Homework 6.2: Heredity in Darwin’s finches (50 pts)

We continue working with Peter and Rosemary Grant’s wonderful data set about Darwin’s finches.

Introgressive hybridization occurs when a G. scandens bird mates with a G. fortis bird, and then the offspring mates again with pure bred G. scandens bird. This brings traits from G. fortis into the G. scandens genome. As this may be a mode by which beak geometries of G. scandens change over time, it is useful to know how heritable a trait is. Narrow-sense heritability (just “heritability” for short) is defined as the ratio of the covariance between parents and offsprings to the variance of the parents alone. To be clear, the heritability is defined as follows.

Compute the average value of a trait in a pair of parents.
Compute the average value of that trait among the offspring of those parents.
Do this for each set of parents/offspring. Using this data set, compute the covariance between the average offspring and average parents and the variance among all average parents.
The heritability, \(h^2\), is the ratio of the covariance between parents and offspring to the variance of the parents, \(h^2 = \sigma_{po}/\sigma_p^2\).

This is a more apt definition than, say, the bivariate correlation \(\rho\), because it is a direct comparison between parents and offspring.

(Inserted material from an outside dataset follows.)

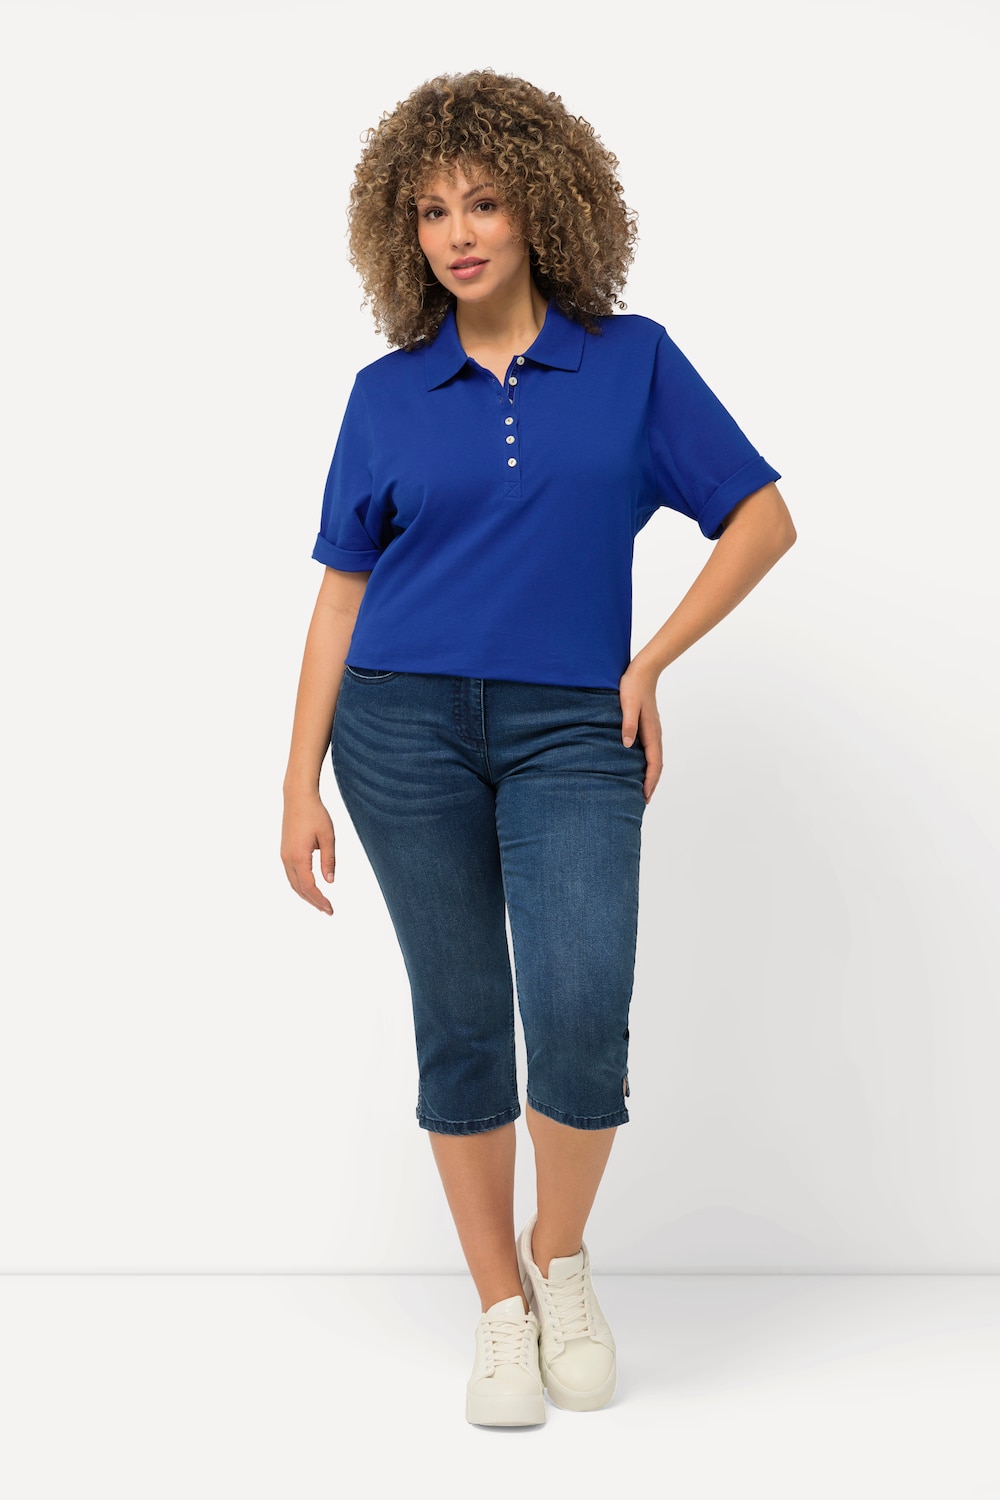 Große Größen Capri Jeans Sarah, Damen, blau, Größe: 54, Baumwolle/Polyester/Viskose, Ulla Popken von Ulla Popken

Heritability data for beak depth for G. fortis and G. scandens can be found here and here, respectively. (Be sure to look at the files before reading them in; they do have different formats.)

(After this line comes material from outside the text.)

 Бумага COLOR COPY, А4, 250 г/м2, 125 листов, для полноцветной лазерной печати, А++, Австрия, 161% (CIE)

We will take a parametric approach and model parental and offspring beak depth as a Bivariate Normal distribution. To be clear, we define \(\mathbf{y} = (b_p, b_o)^\mathsf{T}\) a 2-vector containing the parental and offspring beak depths. Our model is

\begin{align} \mathbf{y}_i \sim \text{Norm}(\boldsymbol{\mu}, \mathsf{\Sigma})\;\;\;\forall i, \end{align}

where \(\boldsymbol{\mu} = (\mu_p, \mu_o)^\mathsf{T}\) is a vector containing the mean parent and offspring beak depth and \(\mathsf{\Sigma}\) is the covariance matrix,

\begin{align} \mathsf{\Sigma} = \begin{pmatrix} \sigma_p^2 & \sigma_{op} \\ \sigma_{op} & \sigma_o^2 \end{pmatrix}. \end{align}

You can read about the Multivariate Normal distribution in the Distribution Explorer. Note that there are five scalar parameters in this model, \(\mu_p\), \(\mu_o\), \(\sigma_p\), \(\sigma_o\), and \(\sigma_{op}\). In the context of this model, the heritability is defined as \(h^2 = \sigma_{op} / \sigma_p^2\).

a) Obtain a parametric maximum likelihood estimate for the heritability with a parametric confidence interval. You should fully justify the choices you made in the approach you took to do this calculation.

b) Perform a nonparametric or parametric null hypothesis significance test of your choosing.